This might be called Brunner's 'Demon Seed' novel, it centers around exceptionally successfully manipulative children. I'm reminded of the grim picture of children in the background of his Players at the Game of People (1980) (see my review here: https://www.goodreads.com/book/show/147542.Players_at_the_Game_of_People ) & of Anthony Burgess's A Clockwork Orange (1962), wch I've read, & of John Wyndham's The Midwich Cuckoos (1957) (filmed as Village of the Damned), wch I probably haven't read but wch I might've experienced in movie form.

As is typical of so many of my reviews of Brunner novels, I find it difficult to write about w/o spoiling the plot for interested readers.

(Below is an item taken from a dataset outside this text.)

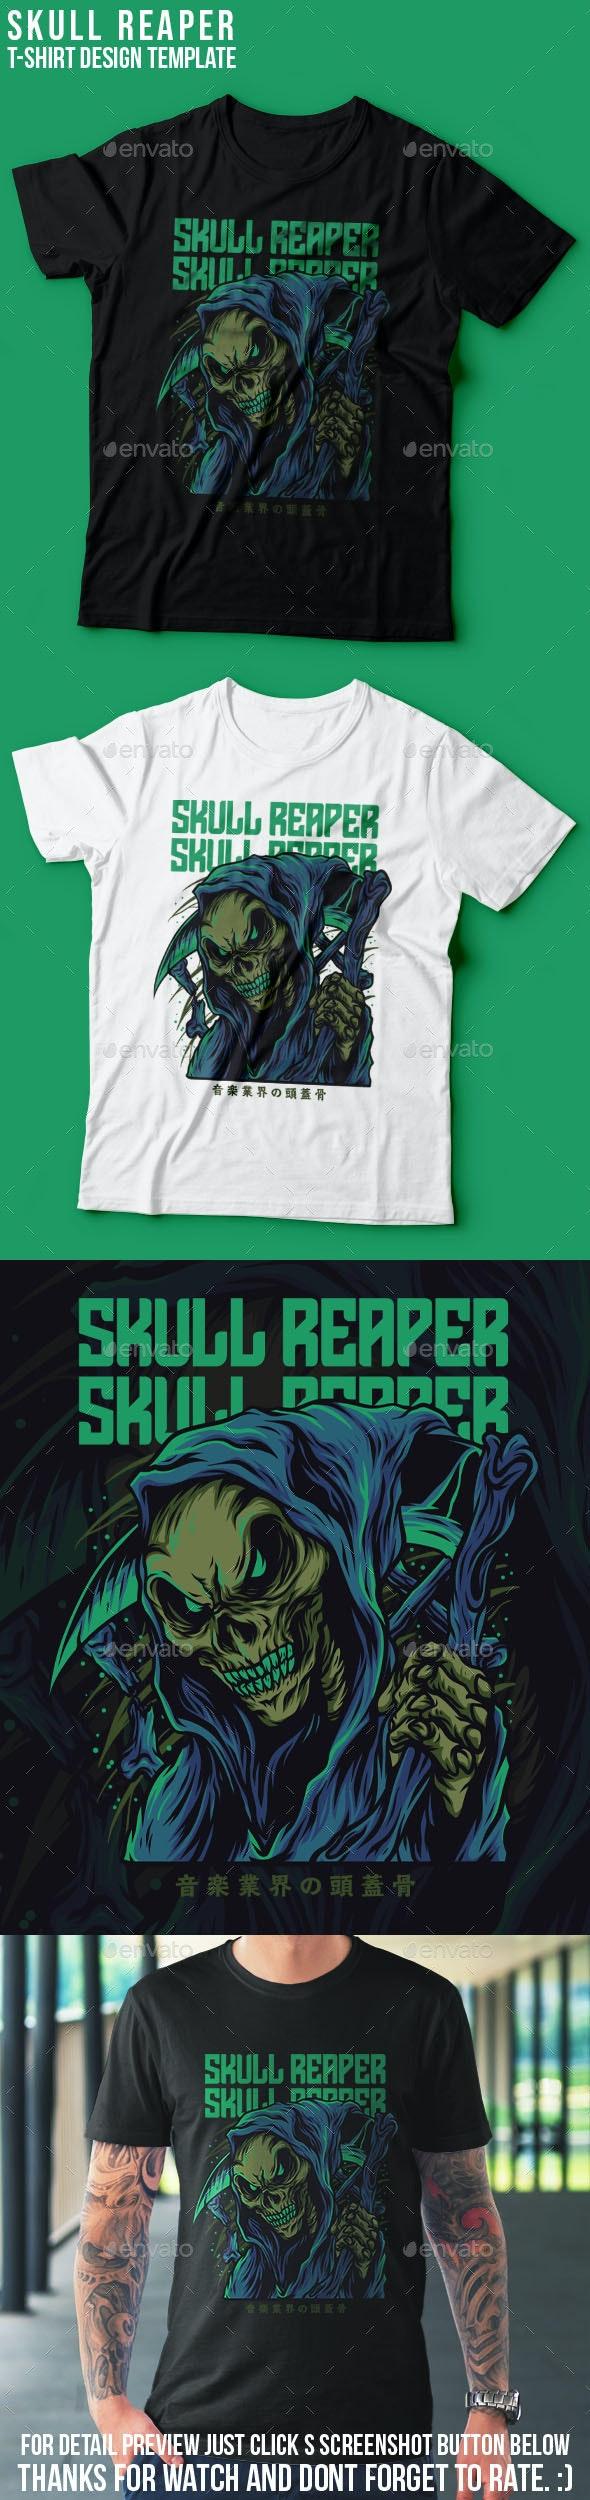 Skull Reaper T-Shirt Design - Clean Designs

However, it's 'safe' to quote from the 1st page's promotional excerpt:

"Crystal Knight was thirteen, and she didn't mind saying so to her johns. To the police, of course, she indignantly claimed she was sixteen. She knew there wasn't going to be any argument. For some reason she couldn't fathom, she'd grown very good at persuading people to do as she wanted.

"Not long after she embarked on her career she'd even talked a drunk, sadistic john out of slashing her with a knife . . . and into turning it on himself. For the rest of her life, she would be able to visualize again that squalid room, that rumpled bed, liter after liter of blood spewing out, so red, so red . . ."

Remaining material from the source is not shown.